■ **WHAT YOU SHOULD DO**
Restate the data below word for word. Skip any images it contains.

■ **SOURCE DATA**
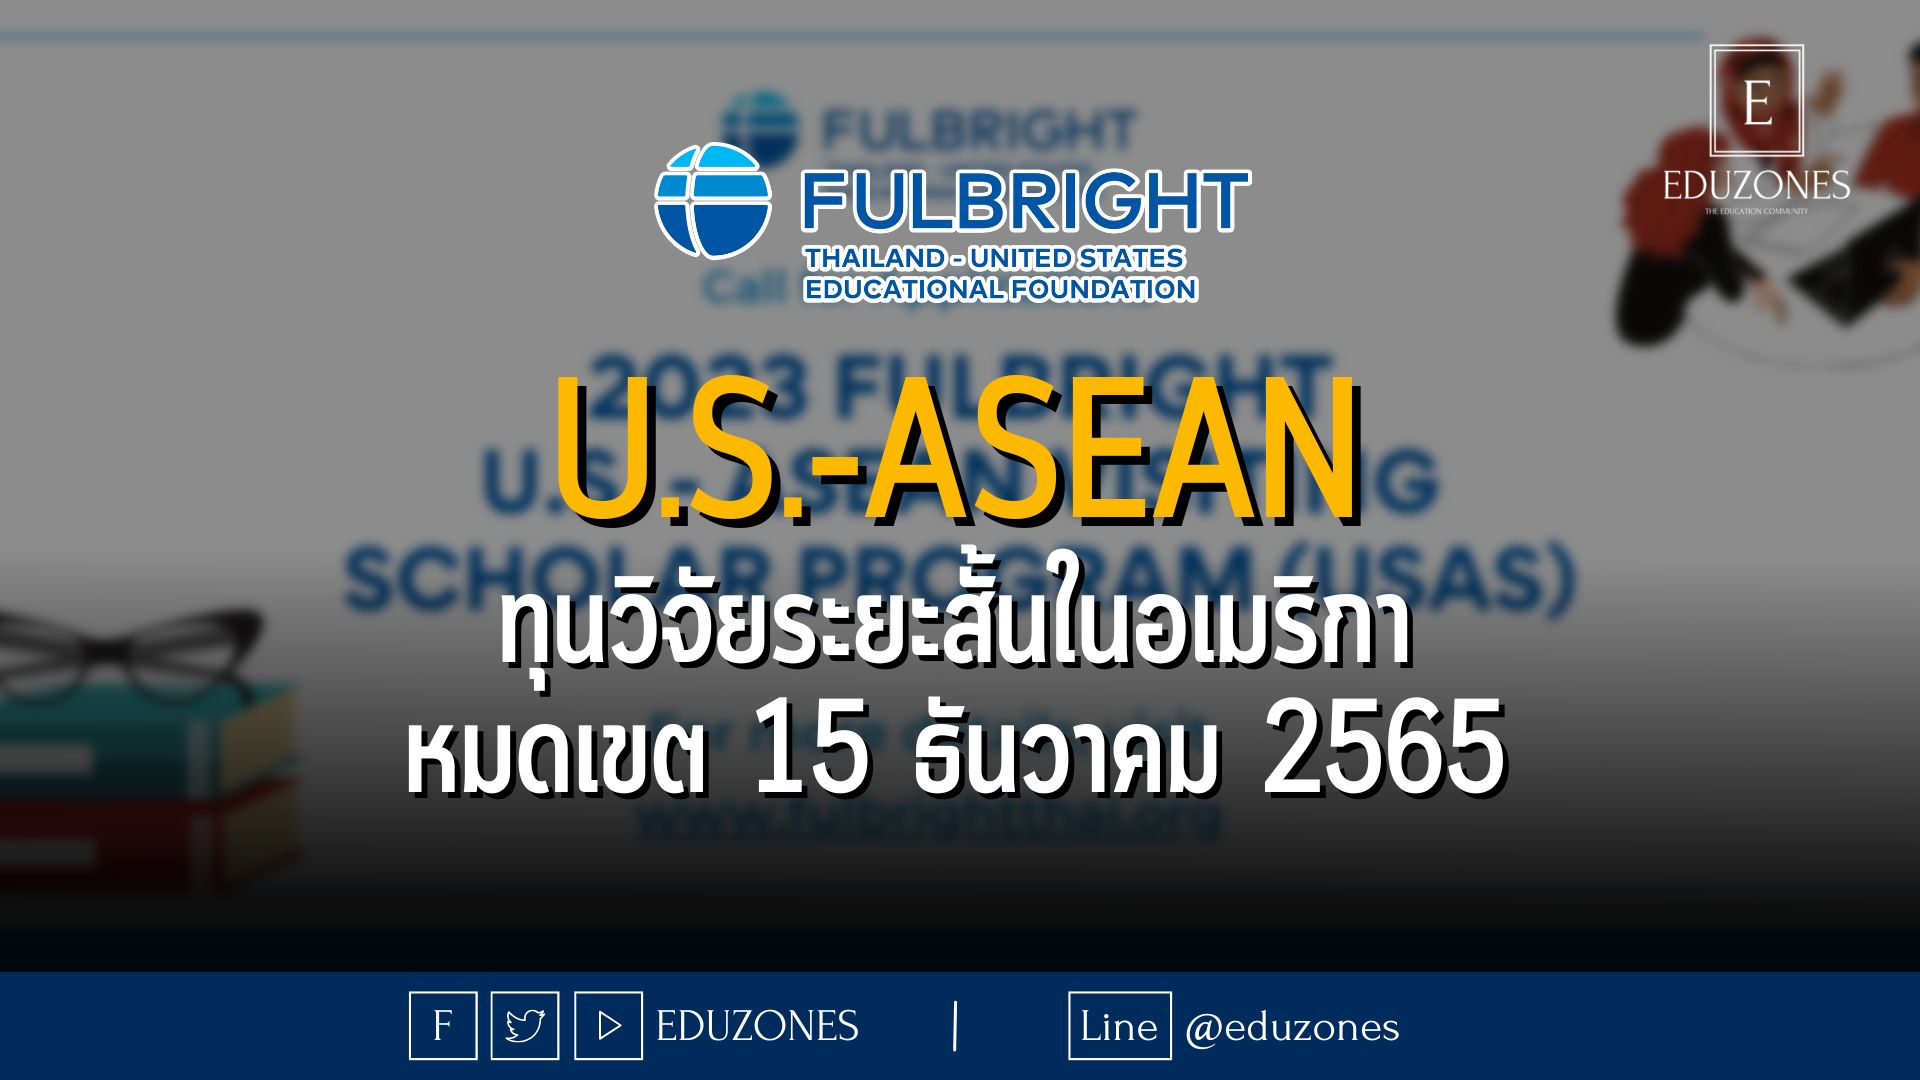 ทุนวิจัยระยะสั้นในอเมริกา จาก Fulbright - หมดเขต 18 ธันวาคม 2565
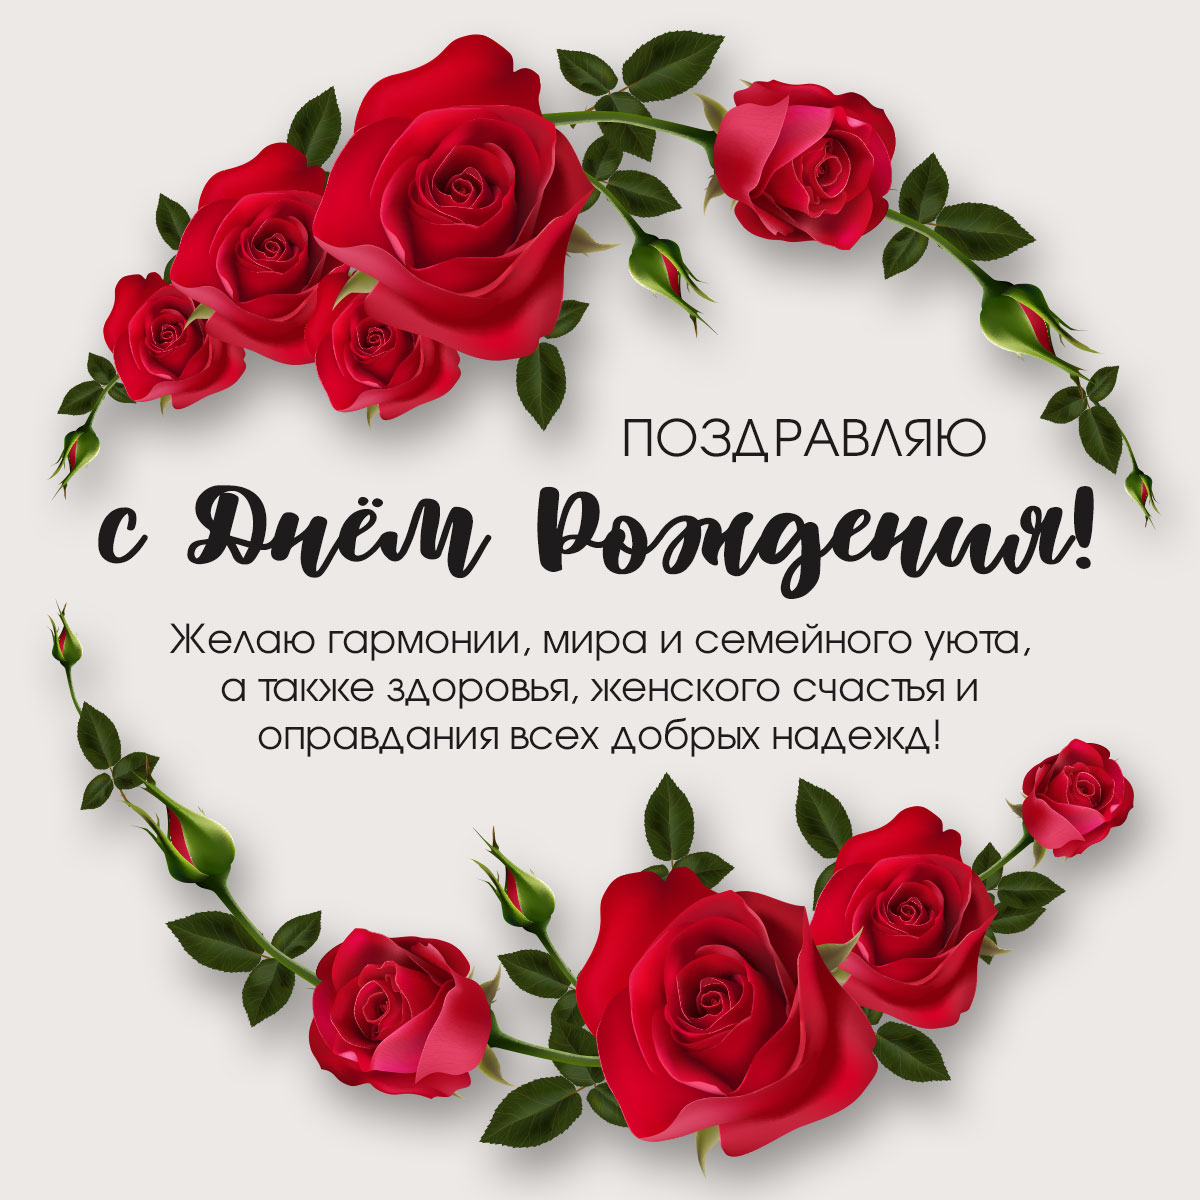 Открытка поздравление с днем рождения женщине с красными розами.
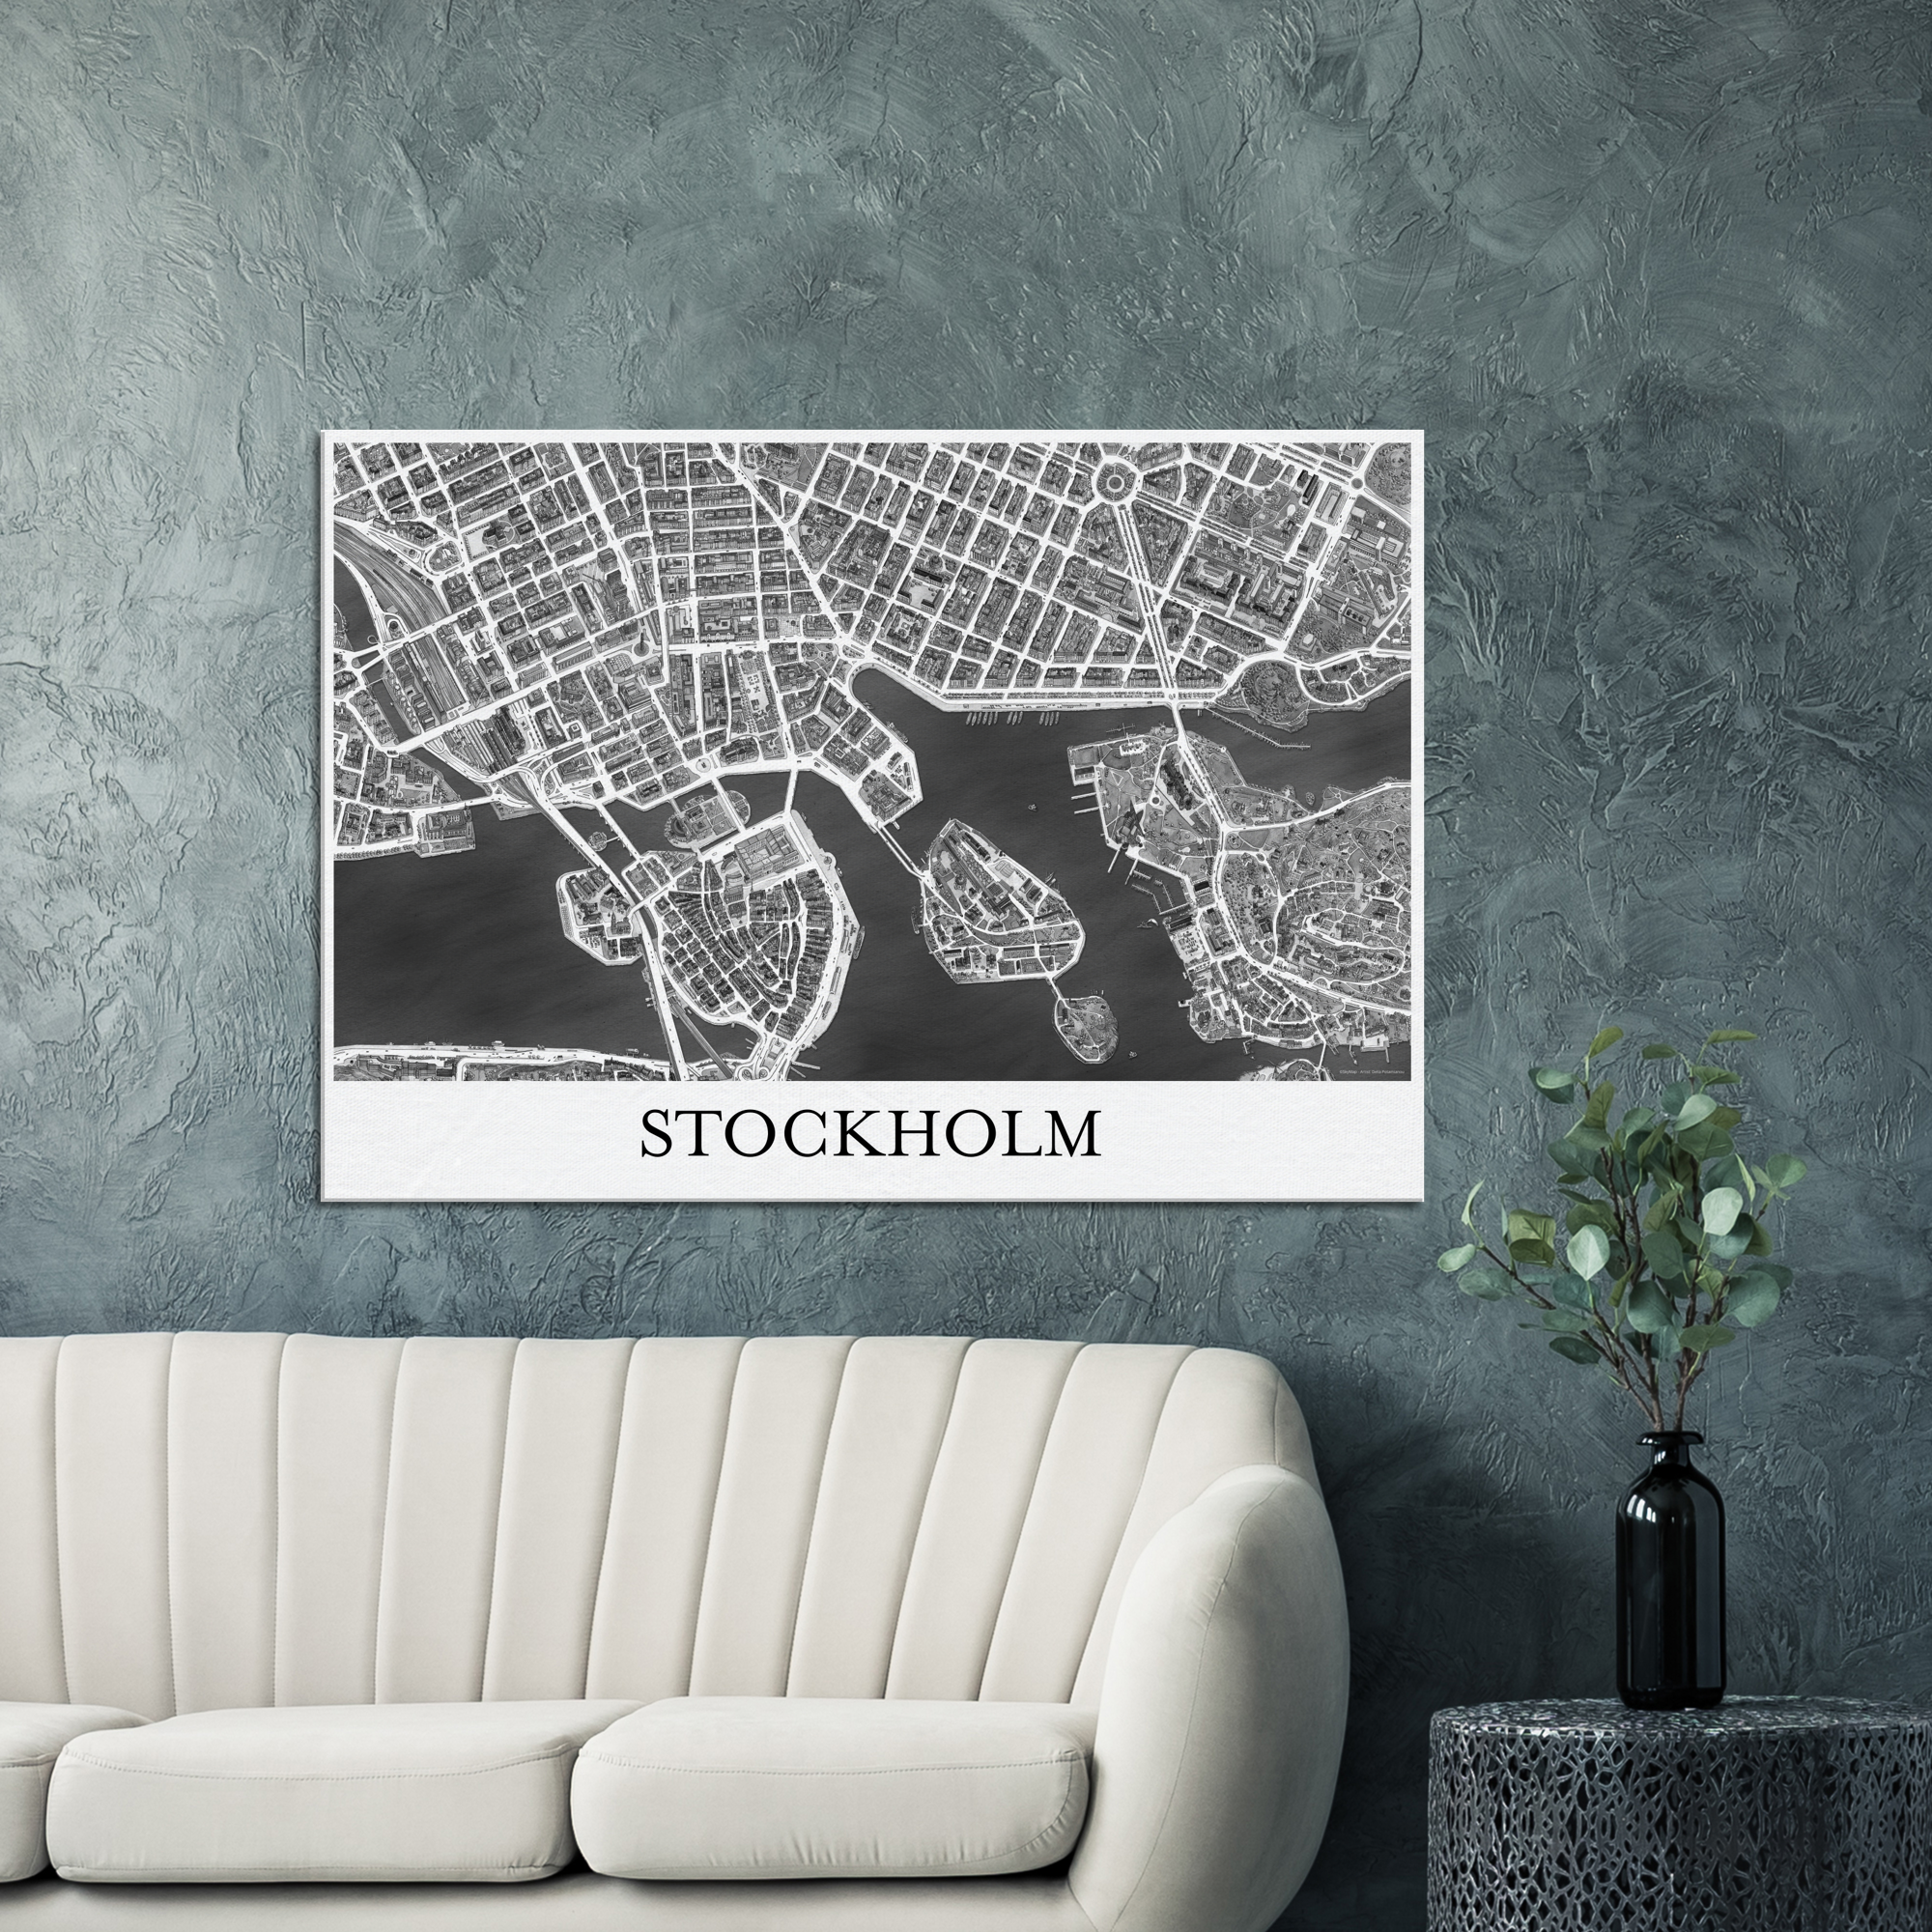 Stockholm, Sweden - Black & White Canvas Print - Framed

■ **RESPONSE BELOW**
 ทุนวิจัยระยะสั้นในอเมริกา จาก Fulbright - หมดเขต 18 ธันวาคม 2565
 Открытка поздравление с днем рождения женщине с красными розами.
 Stockholm, Sweden - Black & White Canvas Print - Framed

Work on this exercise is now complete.